* **THE TASK**: Copy nothing but the lines below, from the one with "Real Wedding Vows That" through the one with "Teddy Bear Toy", exactly as written; no pictures should appear.

--- EXCERPTED RECORDS Enclosed Below ---

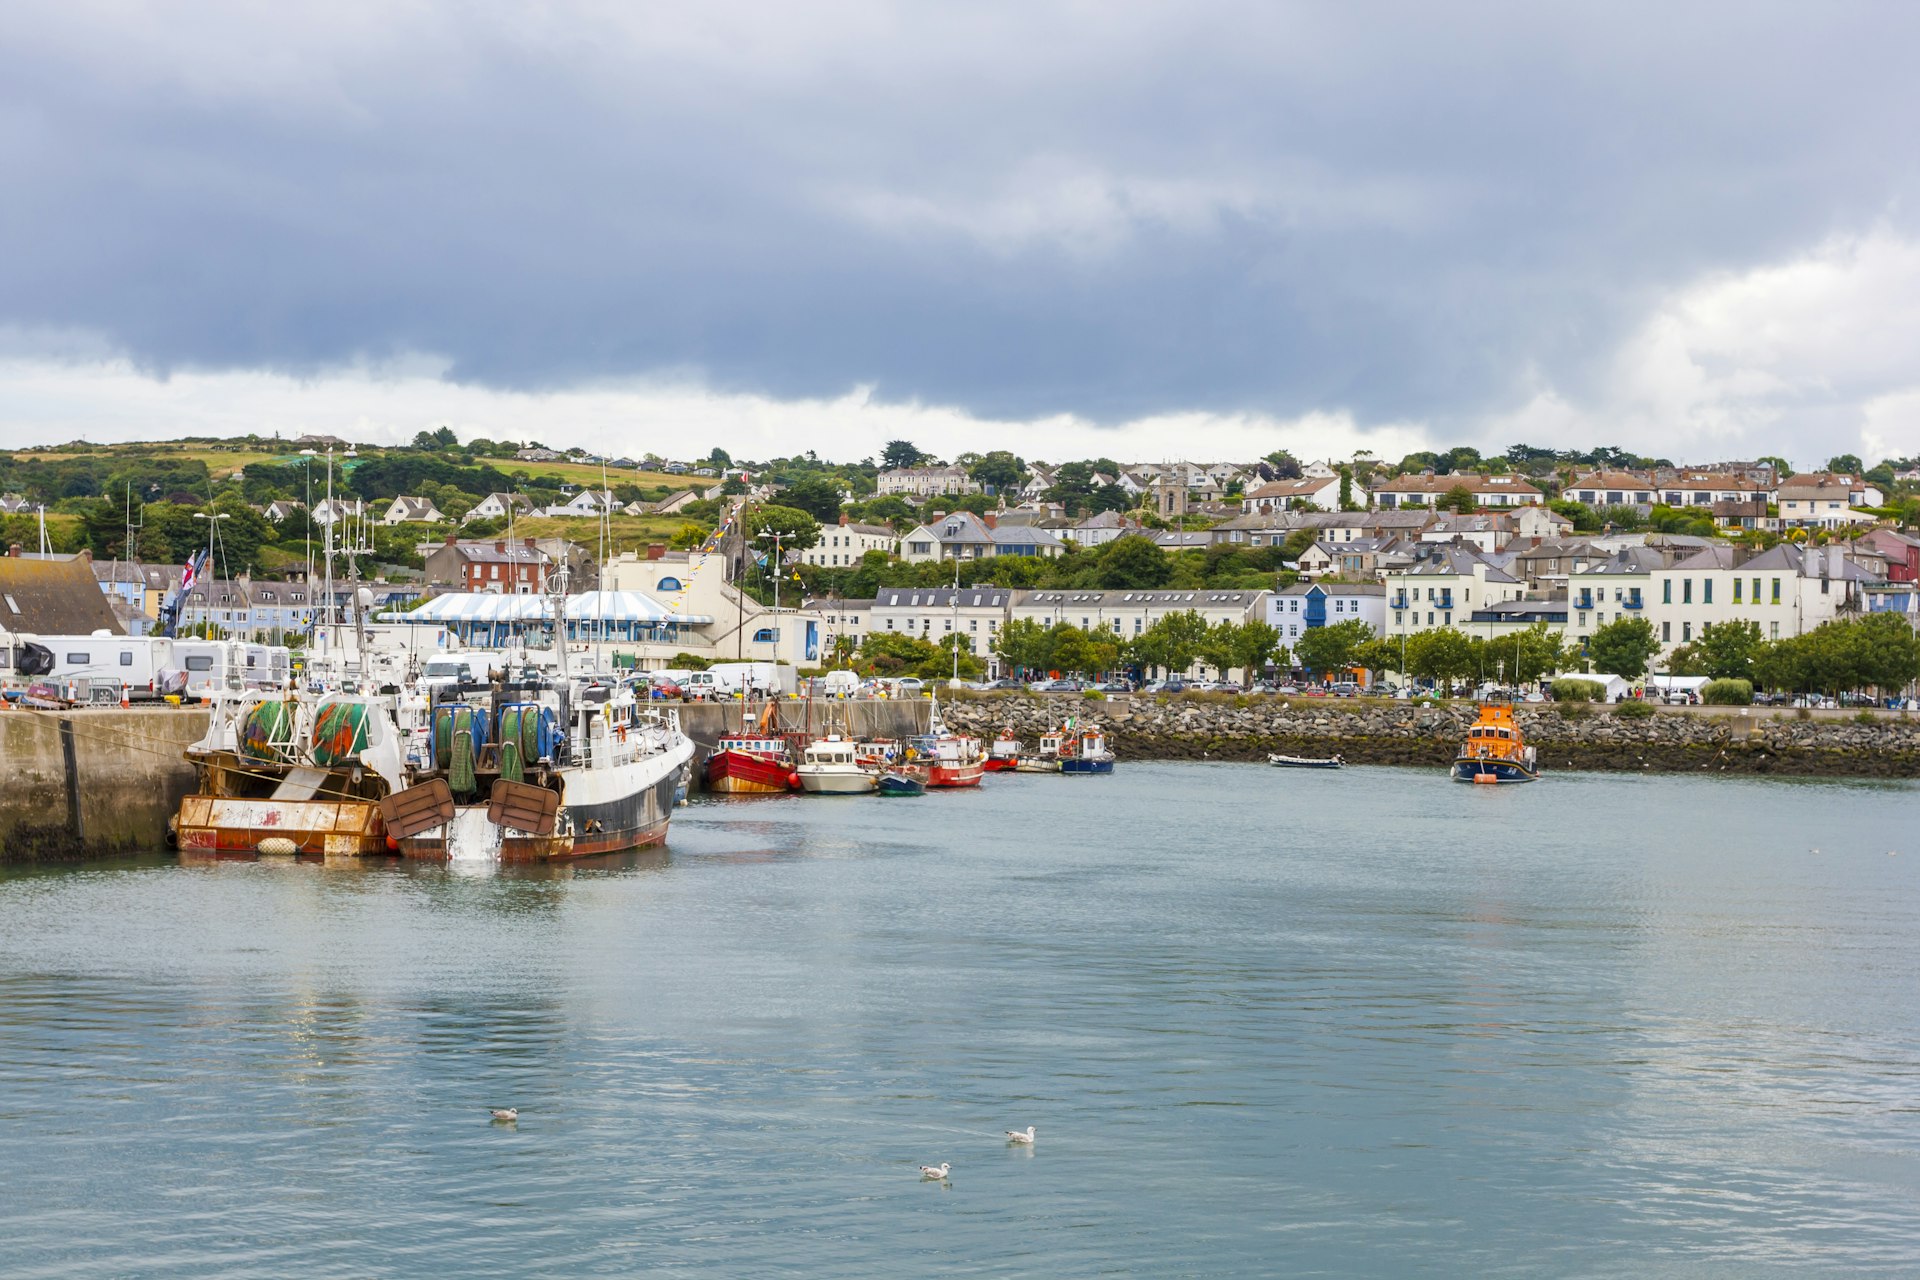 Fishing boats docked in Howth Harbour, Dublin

--- End of Enclosed EXCERPTED RECORDS ---
--- EXCERPTED RECORDS Enclosed Below ---

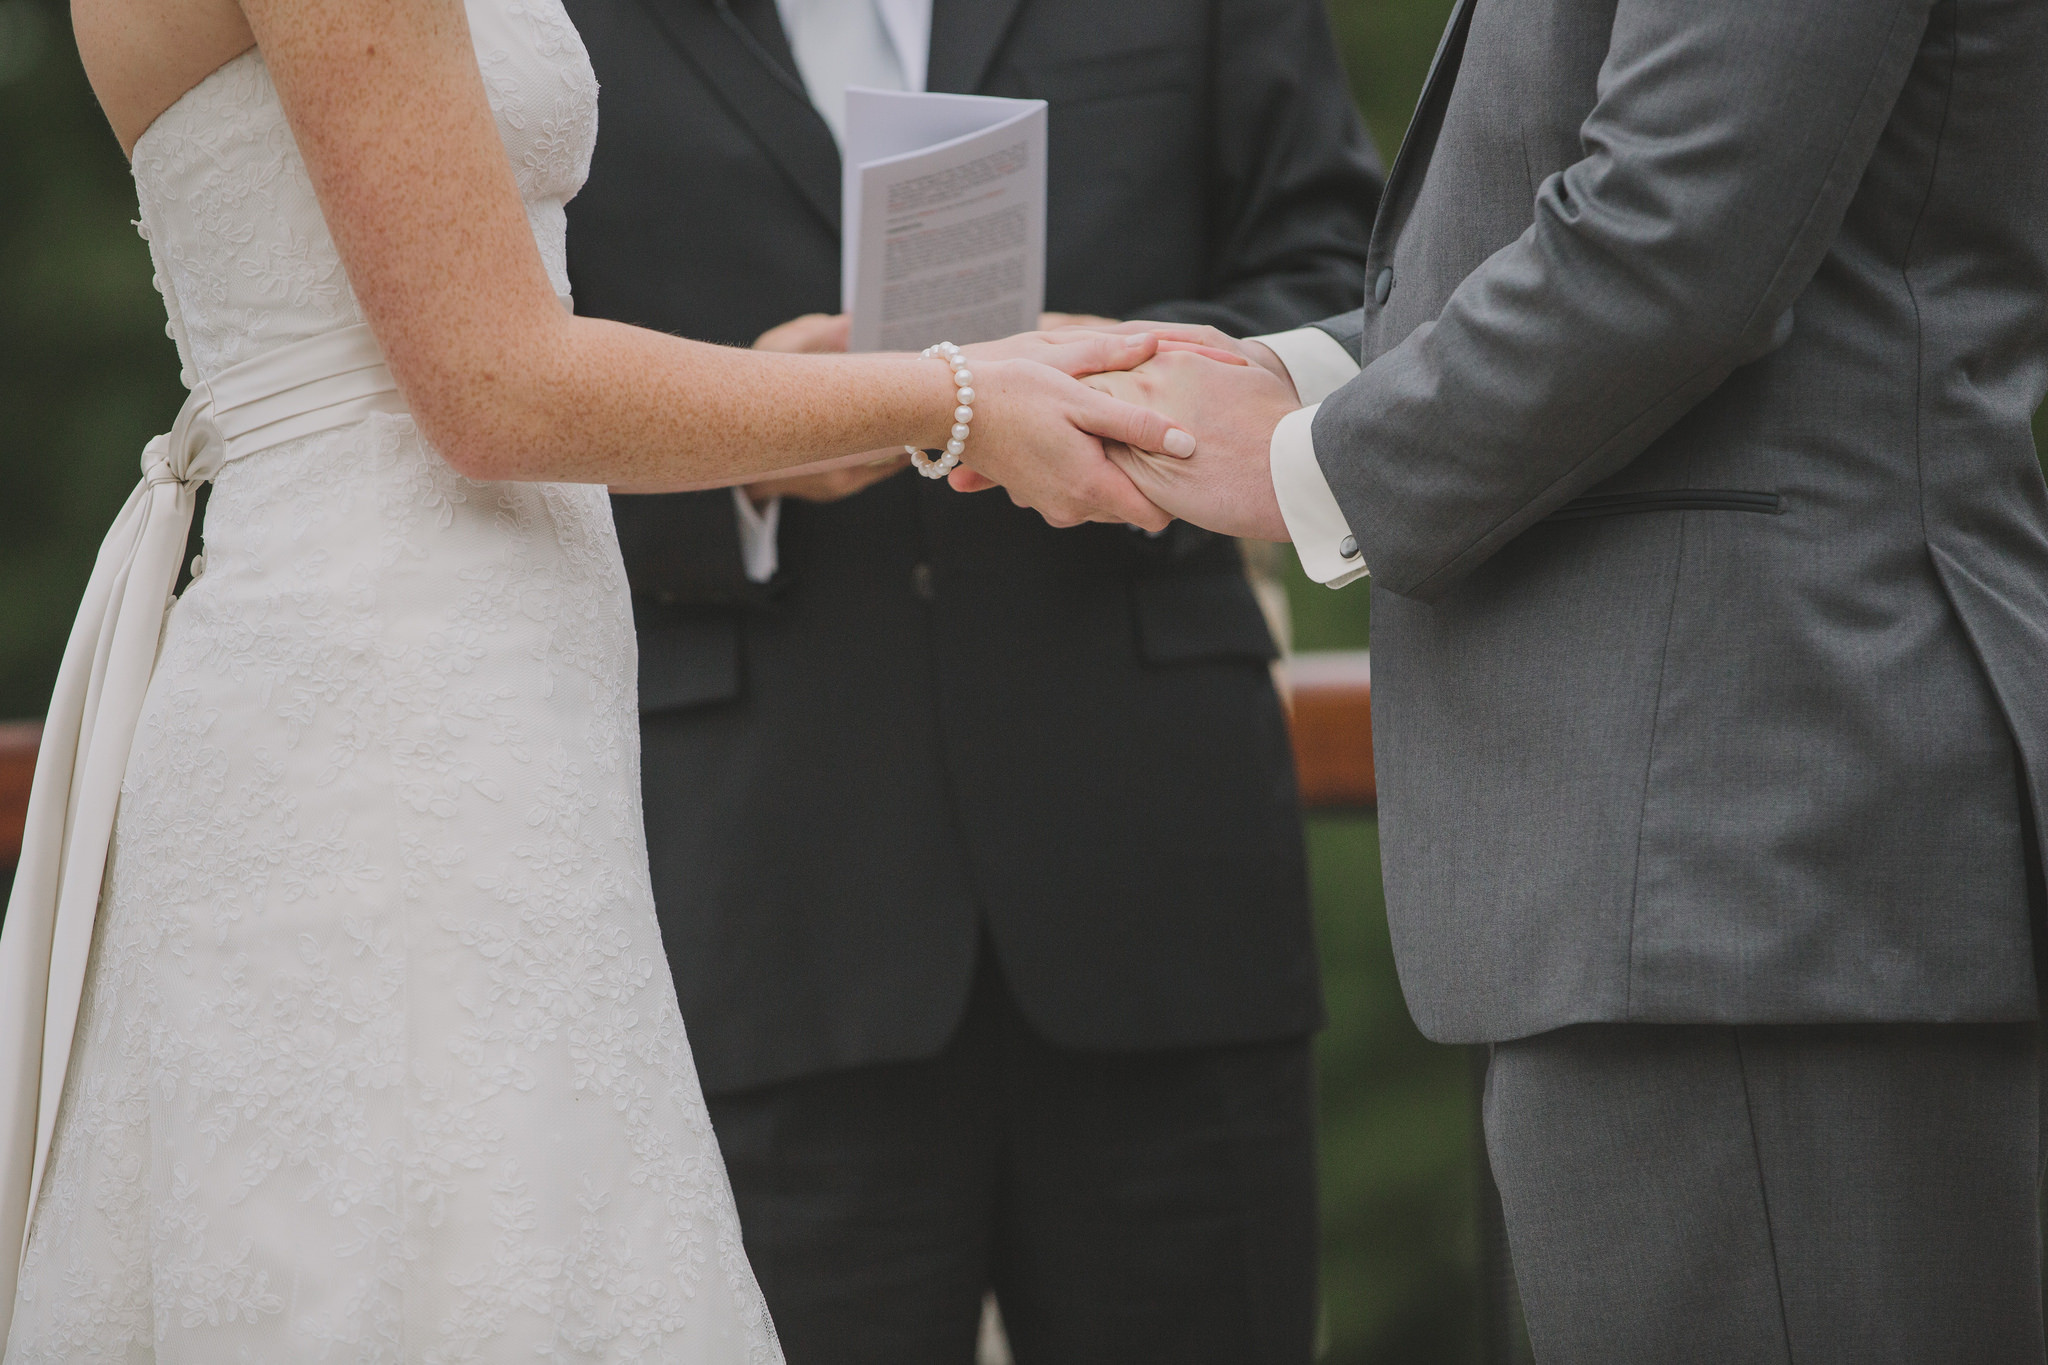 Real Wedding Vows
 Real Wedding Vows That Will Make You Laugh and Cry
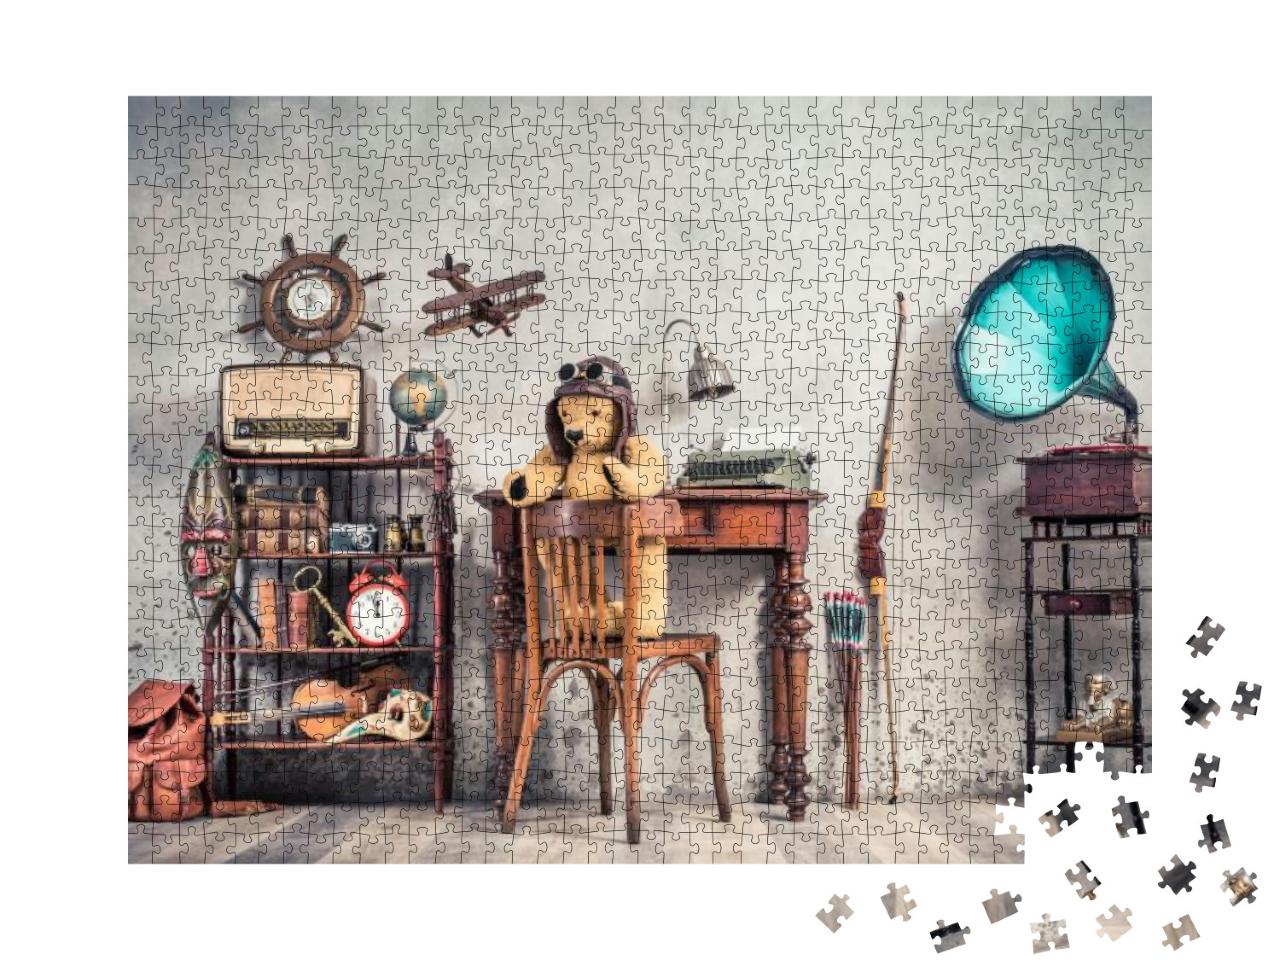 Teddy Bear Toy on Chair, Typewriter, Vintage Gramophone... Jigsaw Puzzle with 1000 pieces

--- End of Enclosed EXCERPTED RECORDS ---
--- EXCERPTED RECORDS Enclosed Below ---

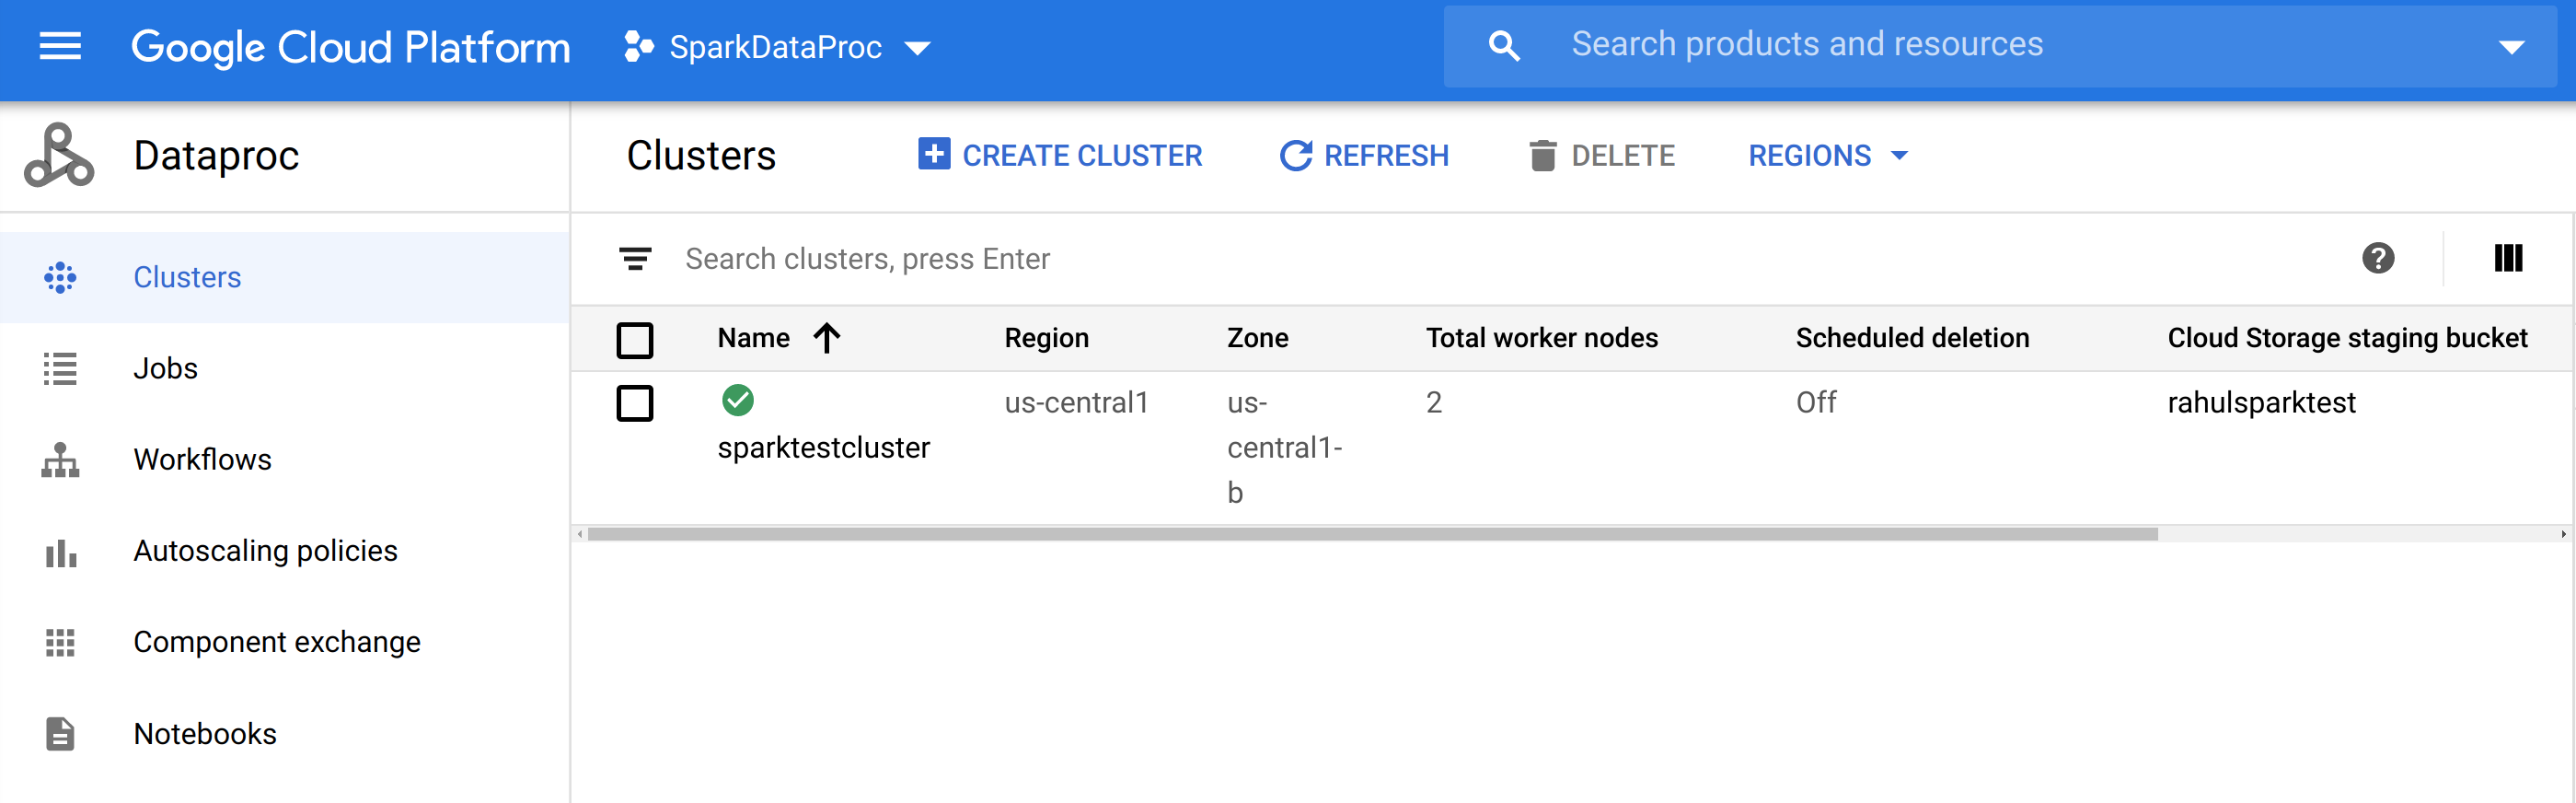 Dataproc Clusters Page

--- End of Enclosed EXCERPTED RECORDS ---

* **EXERCISE RESULT**:
 Real Wedding Vows That Will Make You Laugh and Cry
 Teddy Bear Toy on Chair, Typewriter, Vintage Gramophone... Jigsaw Puzzle with 1000 pieces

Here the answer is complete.